Selain itu, melakukan verifikasi inipun dianggap Didi merupakan hal yang mubazir. "Karena akan menghabiskan biaya yang sangat besar untuk partai dan pemerintah," tegasnya.
Apalagi, katanya, ditambah dengan melihat UUD 1945 pasal 28, bahwa pendirian partai merupakan manifestasi dari kemerdekaan berserikat dan berkumpul. PDP, menurutnya, bersikap akan menolak dan melawan akan adanya aturan baru tersebut. "Aturan itu hanya perangkap yang menggunakan yang menggunakan alasan konstitusi," katanya.

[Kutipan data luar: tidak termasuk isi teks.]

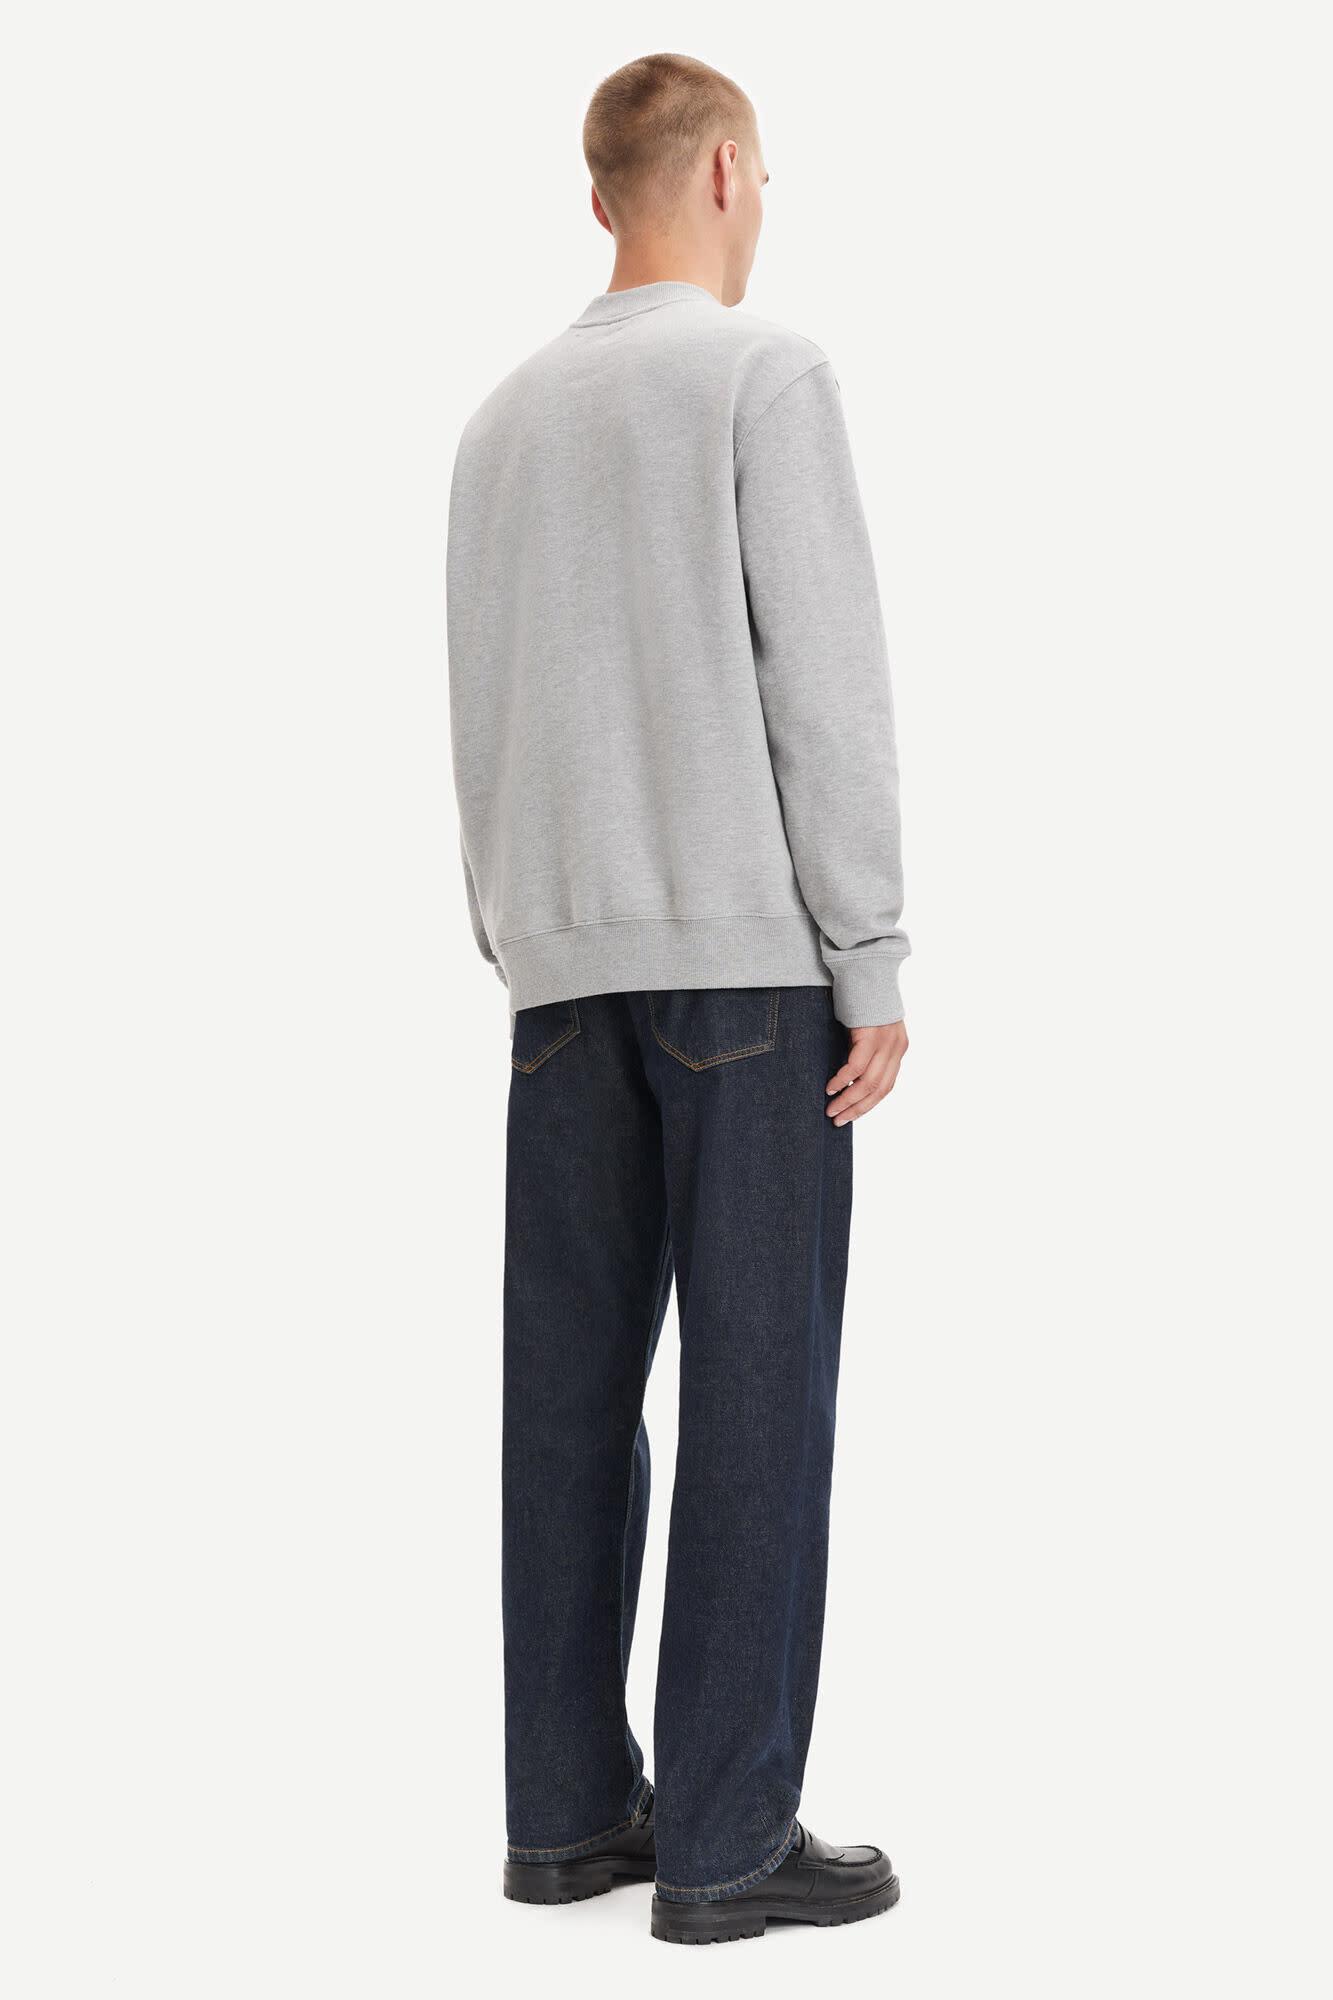 Norsbro Crew Neck Sweatshirt Grey-4
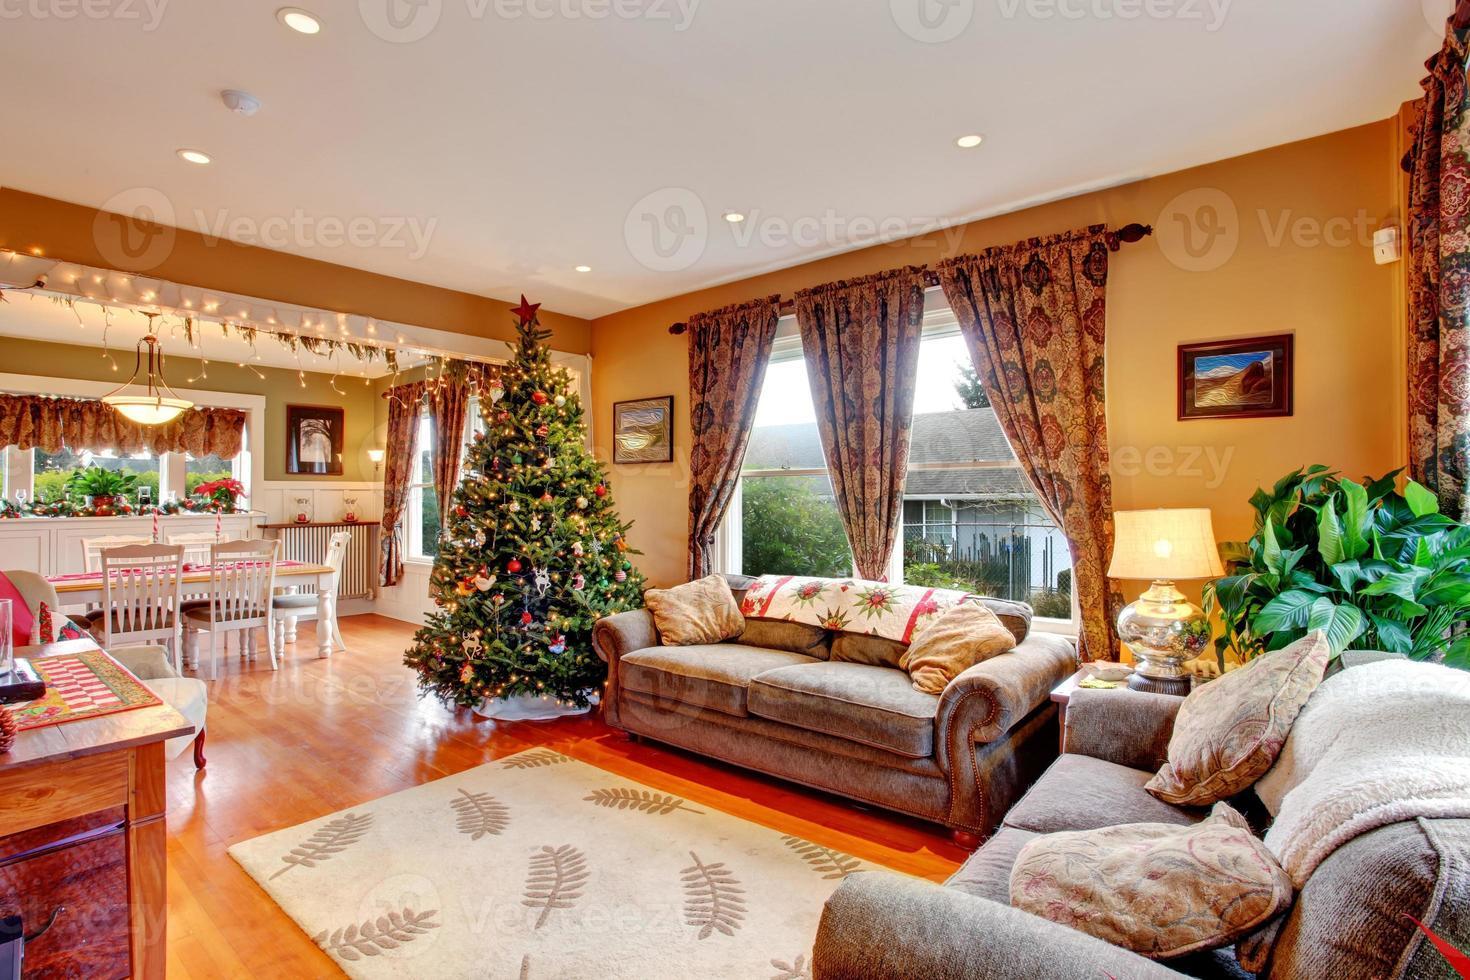 sala de estar na véspera de natal foto

Ia menekankan agar DPR tidak membuat syarat yang membatasi masyarakat dalam membuat partai. Apalagi hanya dengan tujuan untuk memonopoli suara. Pasalnya, dengan aturan seperti itu, partai-partai besar saja yang akan dipilih oleh masyarakat. "Pada akhirnya nanti, yang ikut pemilu hanya mereka yang membuat UU," kata dia.
Pendapat Zulfahmi
Partai boleh banyak, tapi yang menjadi peserta pemilu idealnya cukup 12 partai. Agar kerumitan pemilu bisa diurai. Penting diingat, bahwa penyelenggara Pemilu di tingkat bawah, KPPS yang bertugas di TPS, kesulitan membuat rekapitulasi perolehan suara, bila peserta pemilu lebih dari 12 partai.